The purpose of these diodes is to "steer" current to or away from the base of transistor Q2, depending on the logic level of the input. Exactly how these two diodes are able to "steer" current isn't exactly obvious at first inspection, so a short example may be necessary for understanding. Suppose we had the following diode/resistor circuit, representing the base-emitter junctions of transistors Q2 and Q4 as single diodes, stripping away all other portions of the circuit so that we can concentrate on the current "steered" through the two back-to-back diodes:

With the input switch in the "up" position (connected to Vcc), it should be obvious that there will be no current through the left steering diode of Q1, because there isn't any voltage in the switch-diode-R1-switch loop to motivate electrons to flow.
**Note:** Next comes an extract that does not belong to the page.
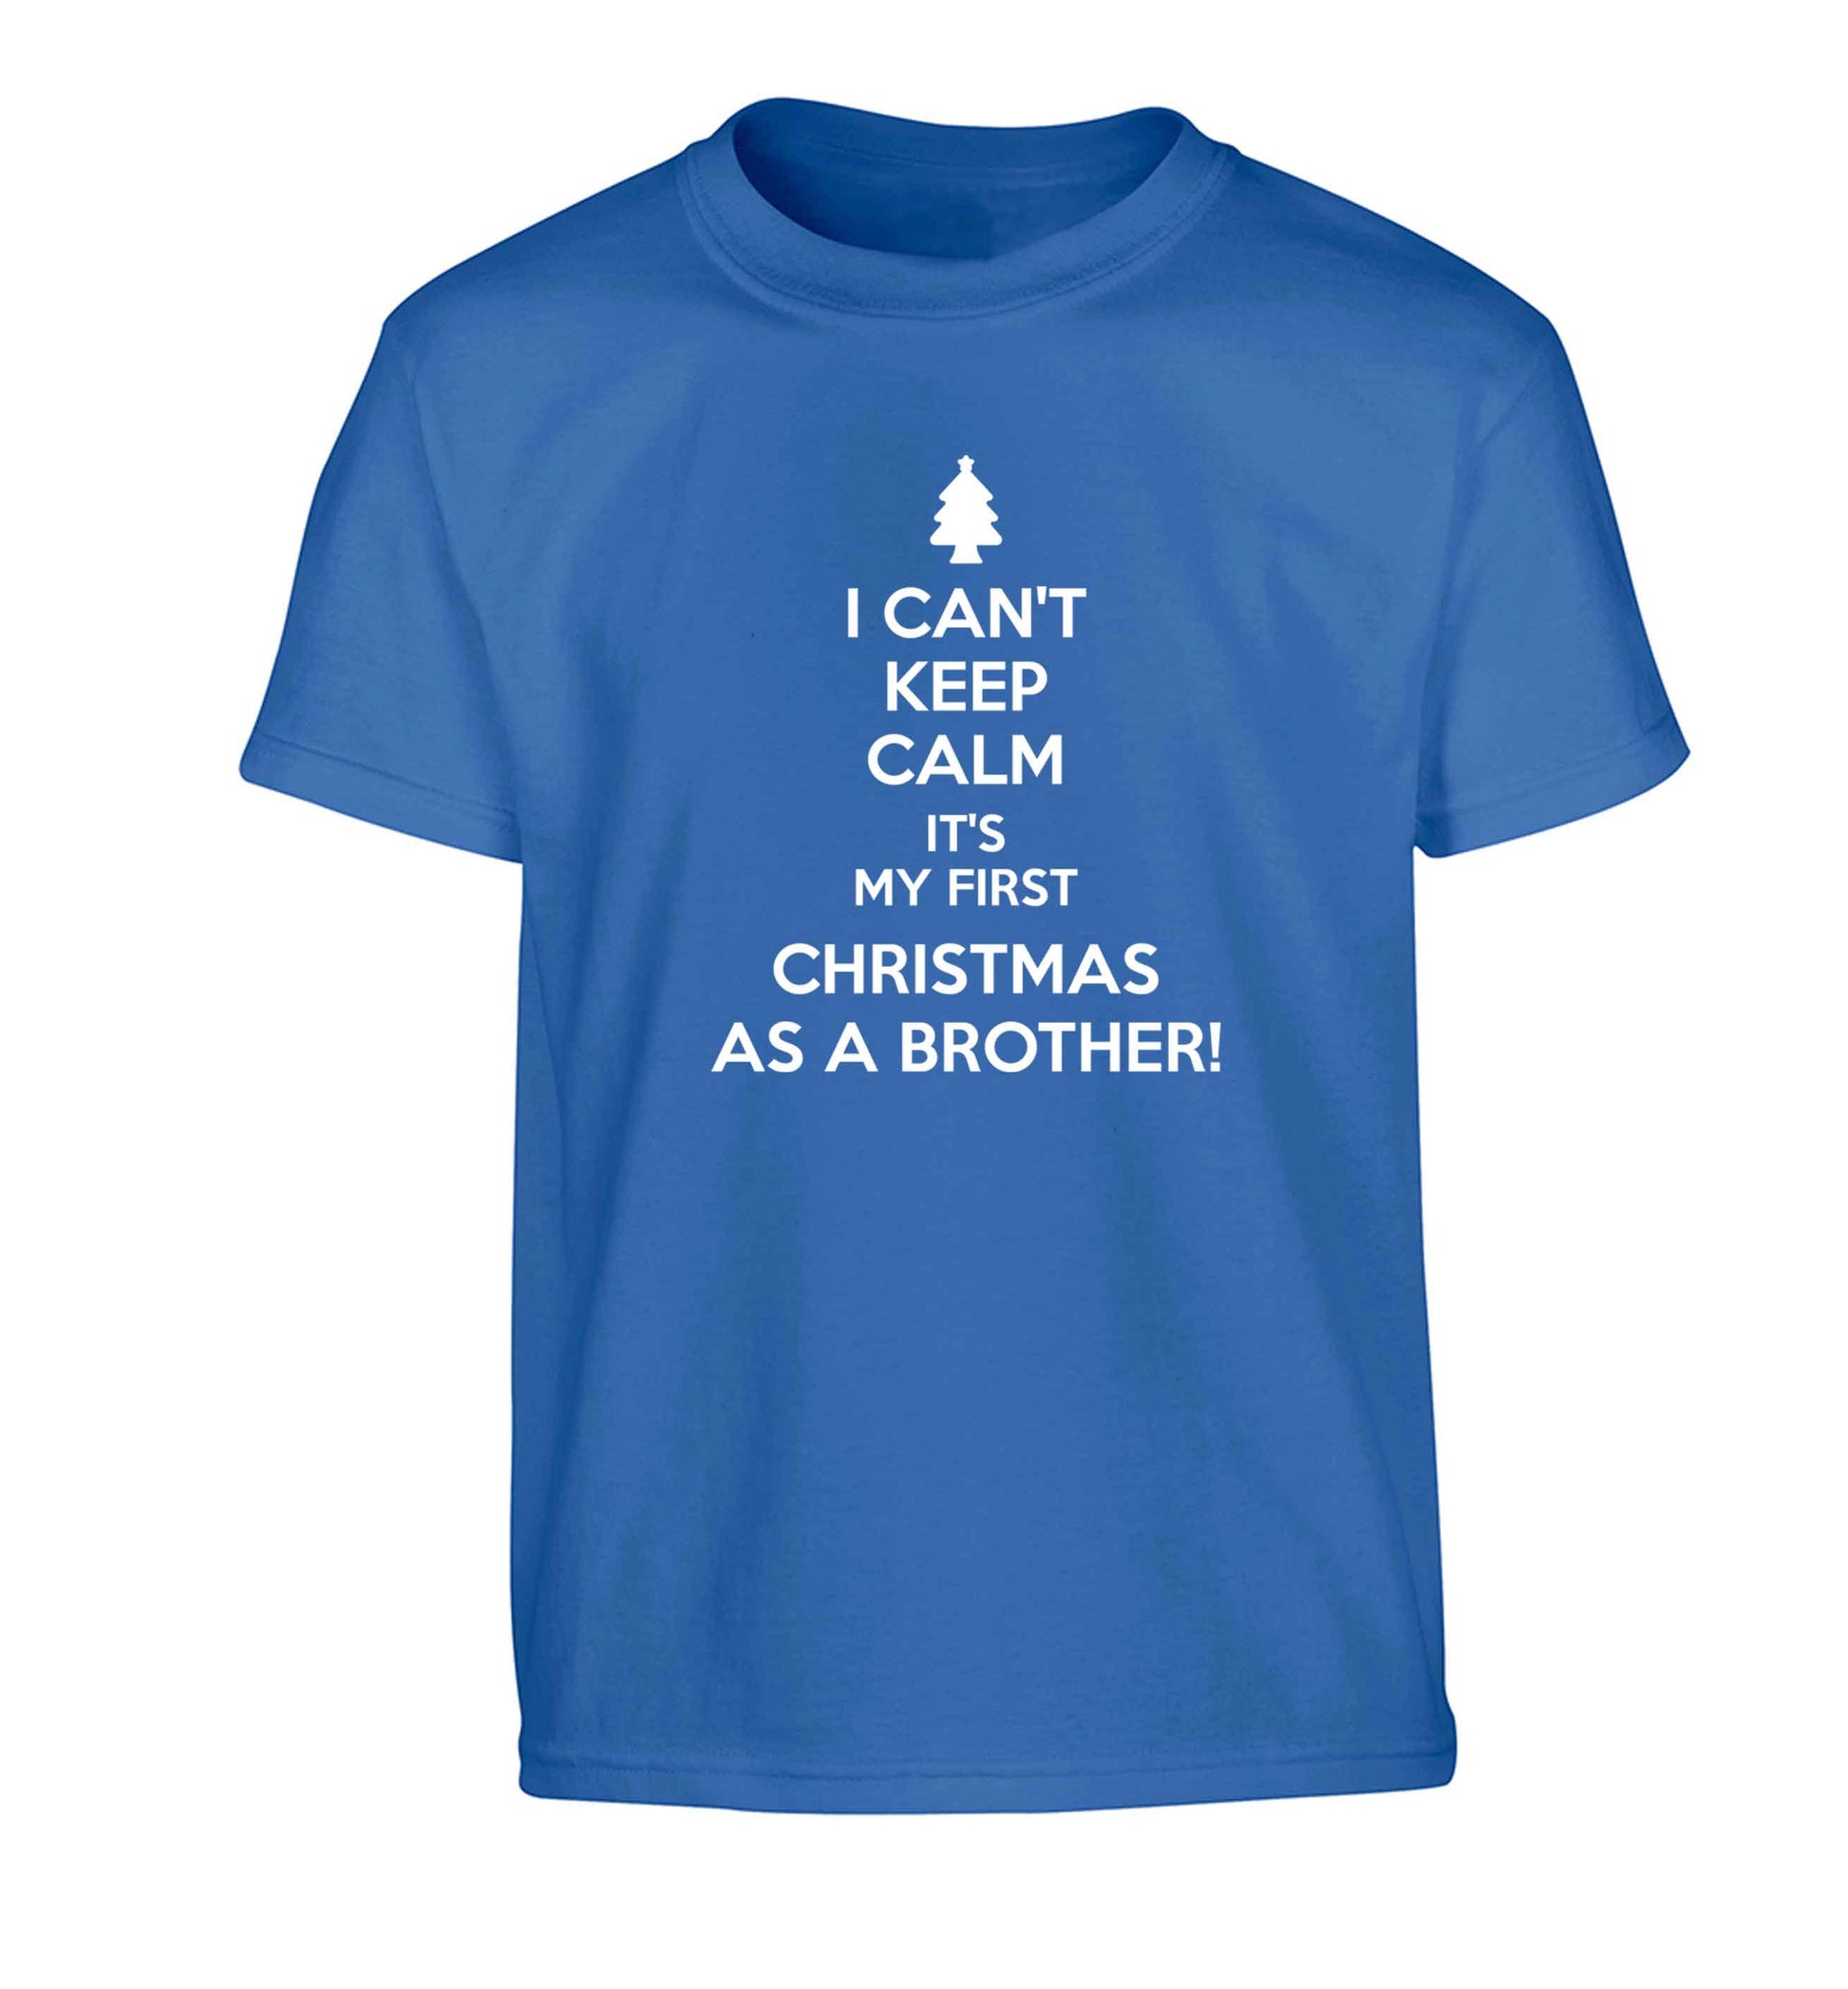 I can't keep calm it's my first Christmas as a brother! Children's blue Tshirt 12-13 Years

However, there will be current through the right steering diode of Q1, as well as through Q2's base-emitter diode junction and Q4's base-emitter diode junction:

This tells us that in the real gate circuit, transistors Q2 and Q4 will have base current, which will turn them on to conduct collector current. The total voltage dropped between the base of Q1 (the node joining the two back-to-back steering diodes) and ground will be about 2.1 volts, equal to the combined voltage drops of three PN junctions: the right steering diode, Q2's base-emitter diode, and Q4's base-emitter diode.

Now, let's move the input switch to the "down" position and see what happens:

If we were to measure current in this circuit, we would find that all of the current goes through the left steering diode of Q1 and none of it through the right diode. Why is this? It still appears as though there is a complete path for current through Q4's diode, Q2's diode, the right diode of the pair, and R1, so why will there be no current through that path?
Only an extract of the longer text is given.